Just thought I'd share some pics I took today:

L4 Ghost eating a D. Melangastor fruit fly: (you can see the fly's red eyes)







More L4 Ghost pics:
















Close up of D. Melangastor fly:






H. Grandis male (sub-sub adult):


----------



## OGIGA (Feb 8, 2007)

Awesome pictures! I didn't know fruit flies look like that. Now I'm going to borrow my housemate's camera!


----------



## AntiSocial______ (Feb 8, 2007)

nice pics.... How long do ghosts usually live?


----------



## Ian (Feb 8, 2007)

Oh those photos are awesome. I do love the close up of the Drosophila, wasn't aware they had red eyes!

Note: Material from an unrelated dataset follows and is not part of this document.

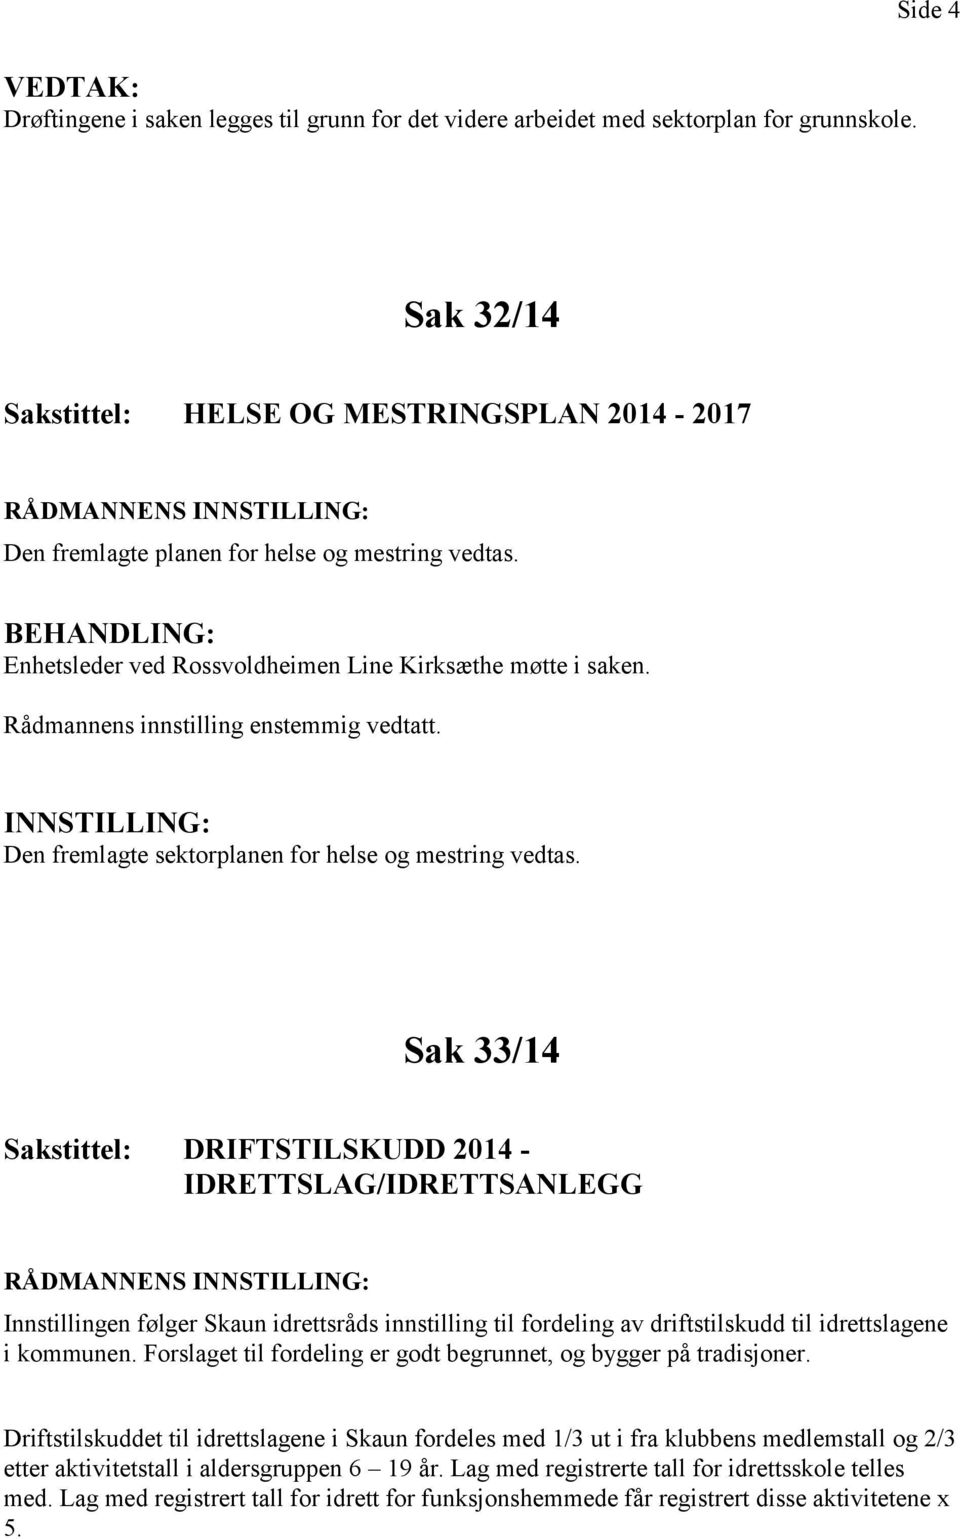 Sak 33/14 DRIFTSTILSKUDD 2014 - IDRETTSLAG/IDRETTSANLEGG Innstillingen følger Skaun idrettsråds innstilling til fordeling av driftstilskudd til idrettslagene i kommunen.

What camera are you using?


----------



## OGIGA (Feb 8, 2007)

I totally thought that was a professional camera. It's a Canon PowerShot S3 IS. Very nice!


----------



## rlechols (Feb 9, 2007)

Thanks for the compliments on the pics--yes, my camera is the Canon S3 IS--a good substitute for an SLR. The pics were taken with the Raynox DCR 250 macro lens attached. It has taken some practice to learn how to use it, and I'm still figuring it out. I take a lot of pics and usually get 1/4 of them that turn out good. The camera has 12x zoom, so when you put the macro lens on, you can really zoom in on something very small, like a fly.

I'm not sure how long ghosts live. I originally had 5; 4 males and one female. The males have died, but the female is still doing well. She has laid 5 ooths. Here are two pictures of her:


----------



## padkison (Feb 9, 2007)

Your female looks great. It sort of looks like she's got one of those 50s beehive hairdoos.


----------



## Isis (Feb 9, 2007)

My females had laid about 15 ooths (!) before they died. I still have one in good shape, I think she has more than 6 months from the last molt (13months from hatching)... I say it is a pretty good age for a mantis.


----------



## Insect Guy (Feb 9, 2007)

Those are nice looking ghosts. I really think that this is one of the coolest looking species.


----------



## wuwu (Feb 9, 2007)

she's is so beautiful! i love green ghosts. btw, has anyone ever had a green male? i've only seen green females.


----------



## Rick (Feb 10, 2007)

Great pics!


----------